### Work instructions
The entire listing, reproduced exactly and stripped of images, is the expected output.

### Data below

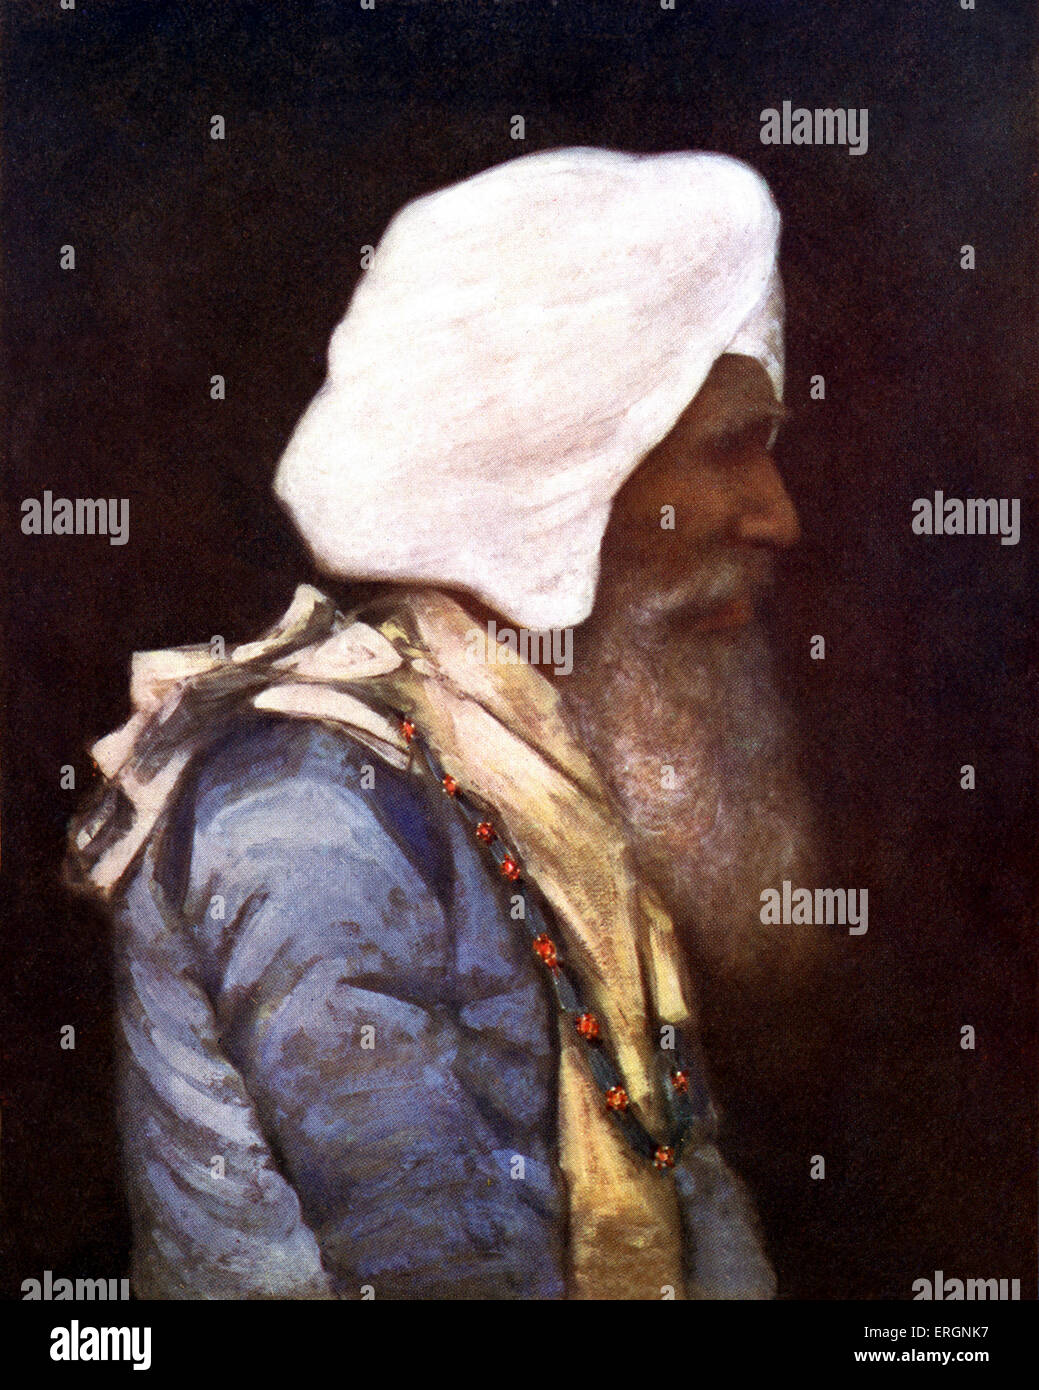 Le Maharaja de Nabha, un état de la Maison Royale des Sikhs au Pendjab, en Inde. Hira Maharaja Singh, 18 décembre 1843 - 24 Décembre Banque D'Images
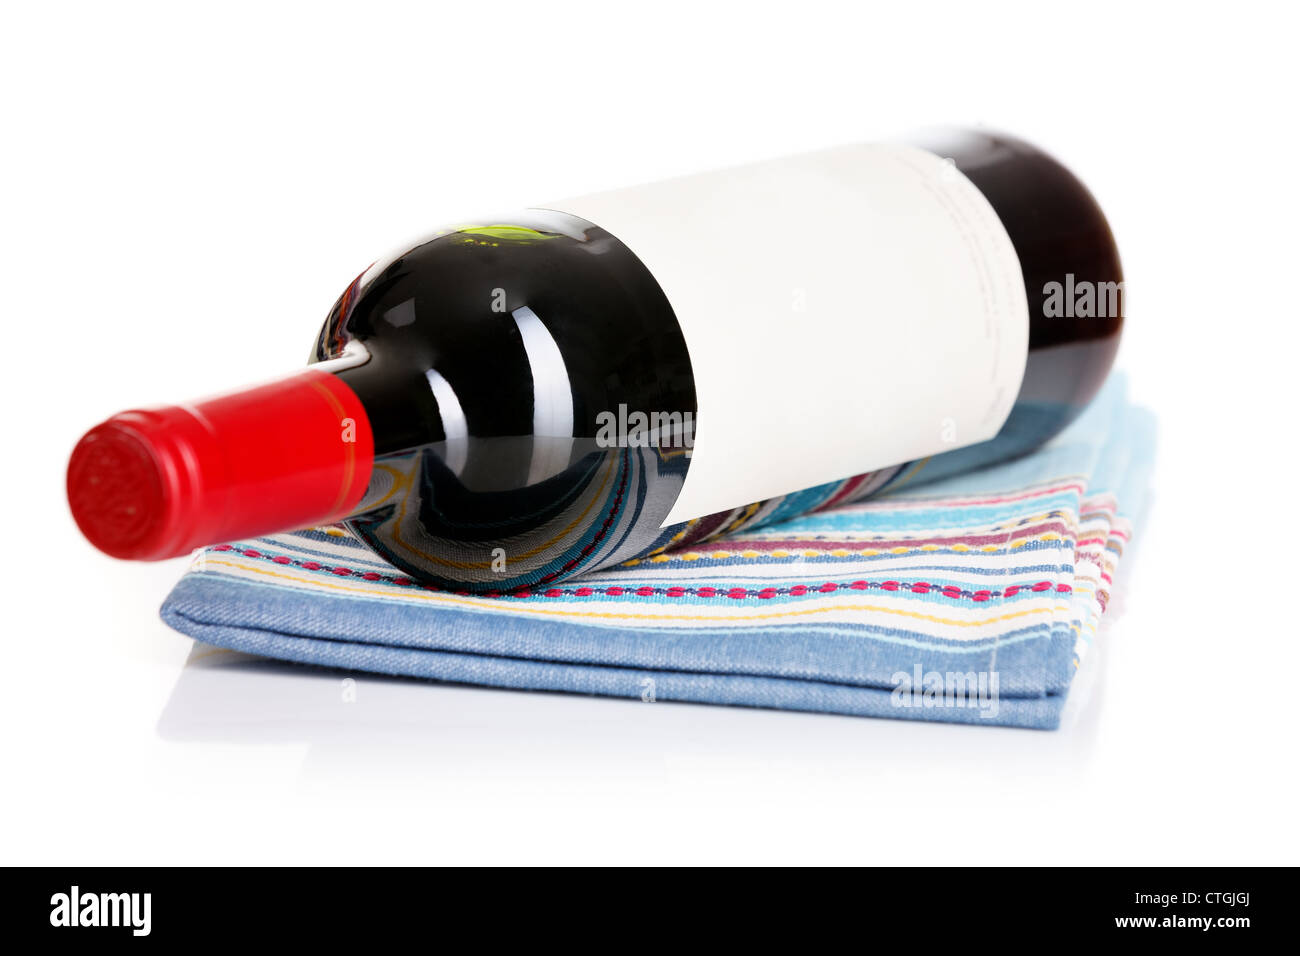 Bouteille de vin rouge à l'essuie-tout Banque D'Images
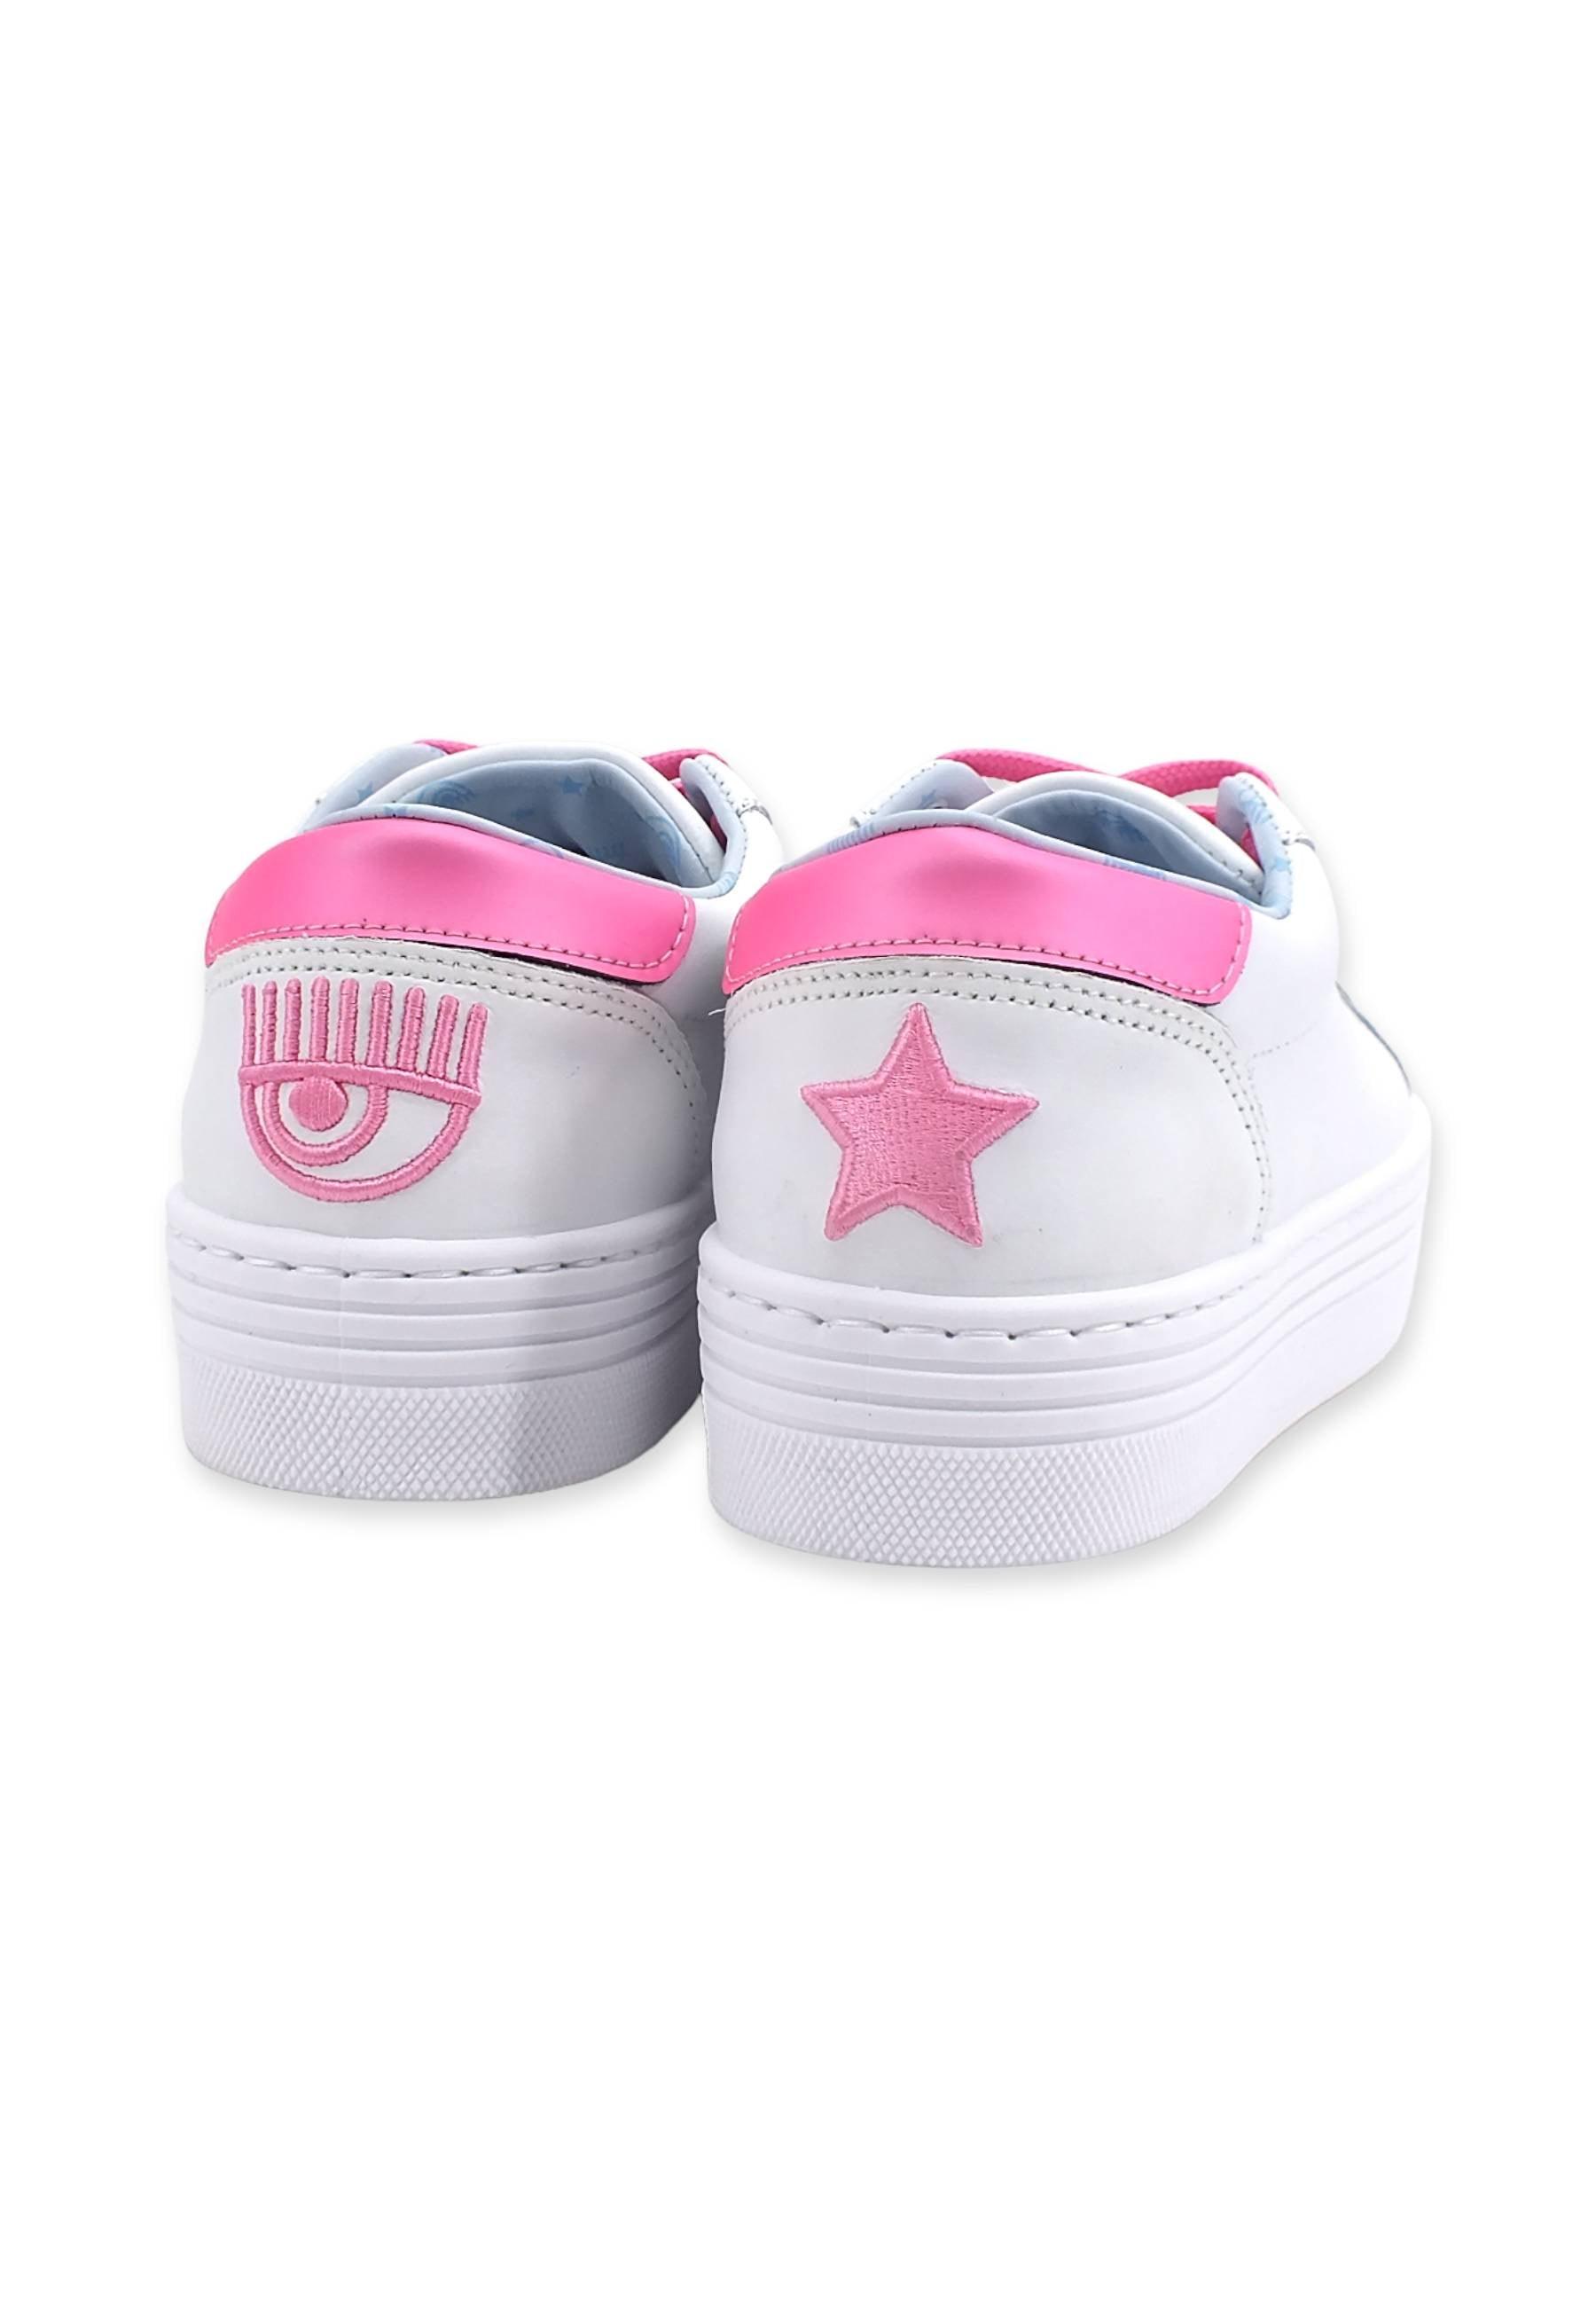 CHIARA FERRAGNI Sneaker Tennis Donna White Pink CF2917-072 - Sandrini Calzature e Abbigliamento

### Task solution
 Le Maharaja de Nabha, un état de la Maison Royale des Sikhs au Pendjab, en Inde. Hira Maharaja Singh, 18 décembre 1843 - 24 Décembre Banque D'Images
 Bouteille de vin rouge à l'essuie-tout Banque D'Images
 CHIARA FERRAGNI Sneaker Tennis Donna White Pink CF2917-072 - Sandrini Calzature e Abbigliamento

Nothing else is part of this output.